* [What this task involves]
Go through the material below and copy each line where the word "amara" appears.

* [Dataset content]
=== Section Start ===
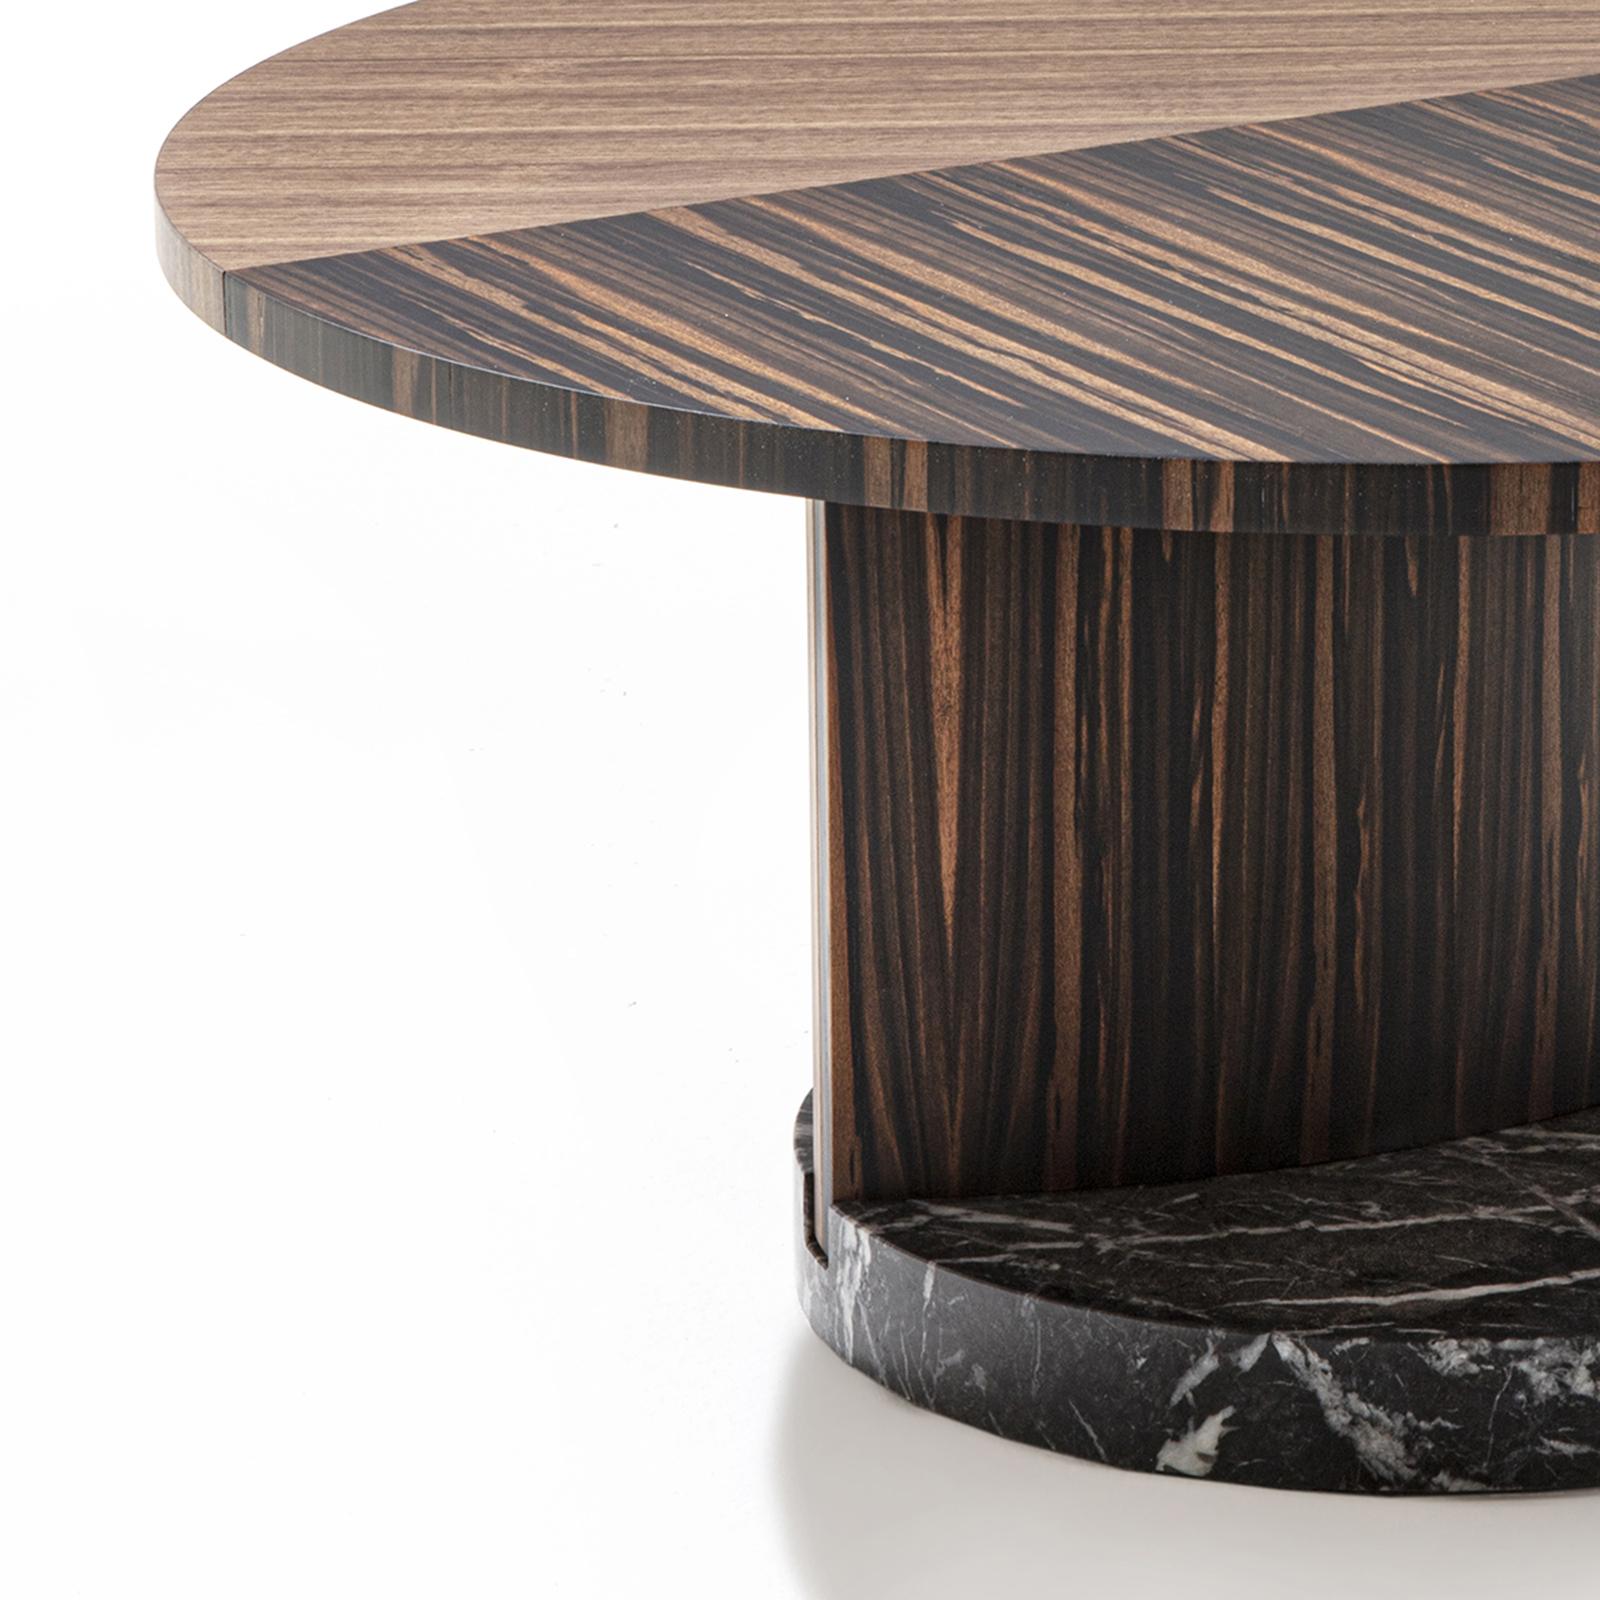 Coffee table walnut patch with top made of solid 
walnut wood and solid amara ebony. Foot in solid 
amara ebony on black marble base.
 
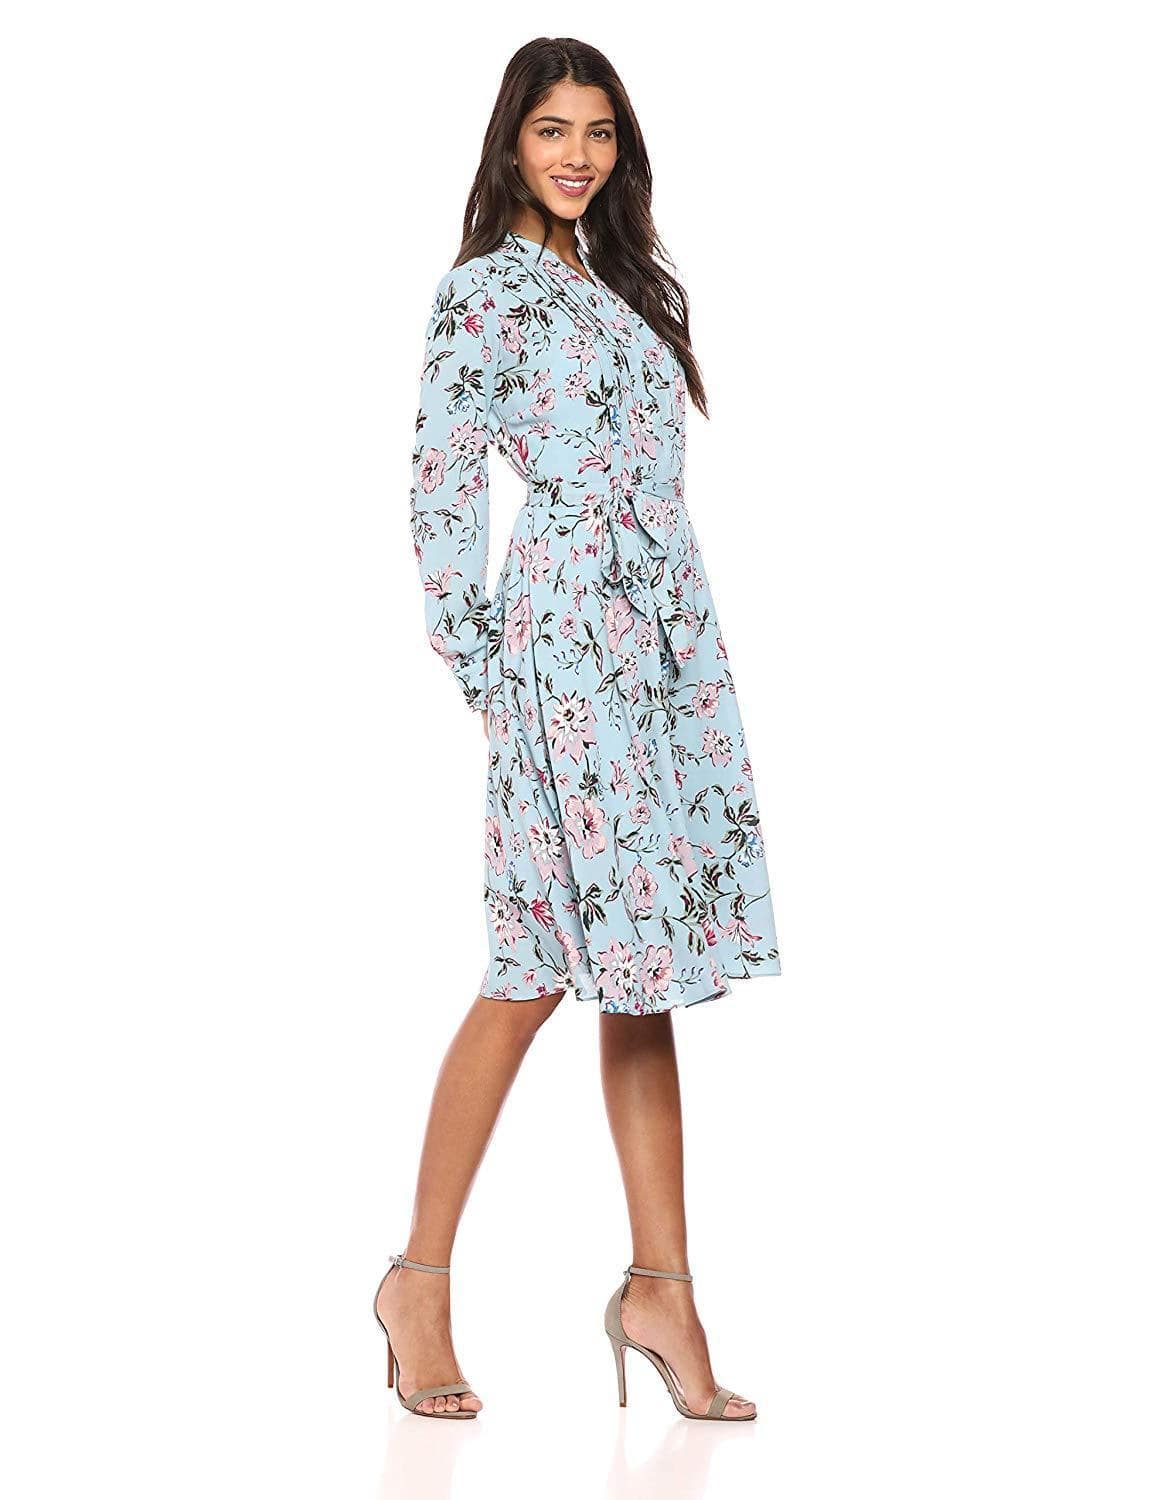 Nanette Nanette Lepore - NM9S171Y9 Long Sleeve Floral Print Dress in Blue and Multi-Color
=== Section End ===
* [Result of this task]
walnut wood and solid amara ebony. Foot in solid 
amara ebony on black marble base.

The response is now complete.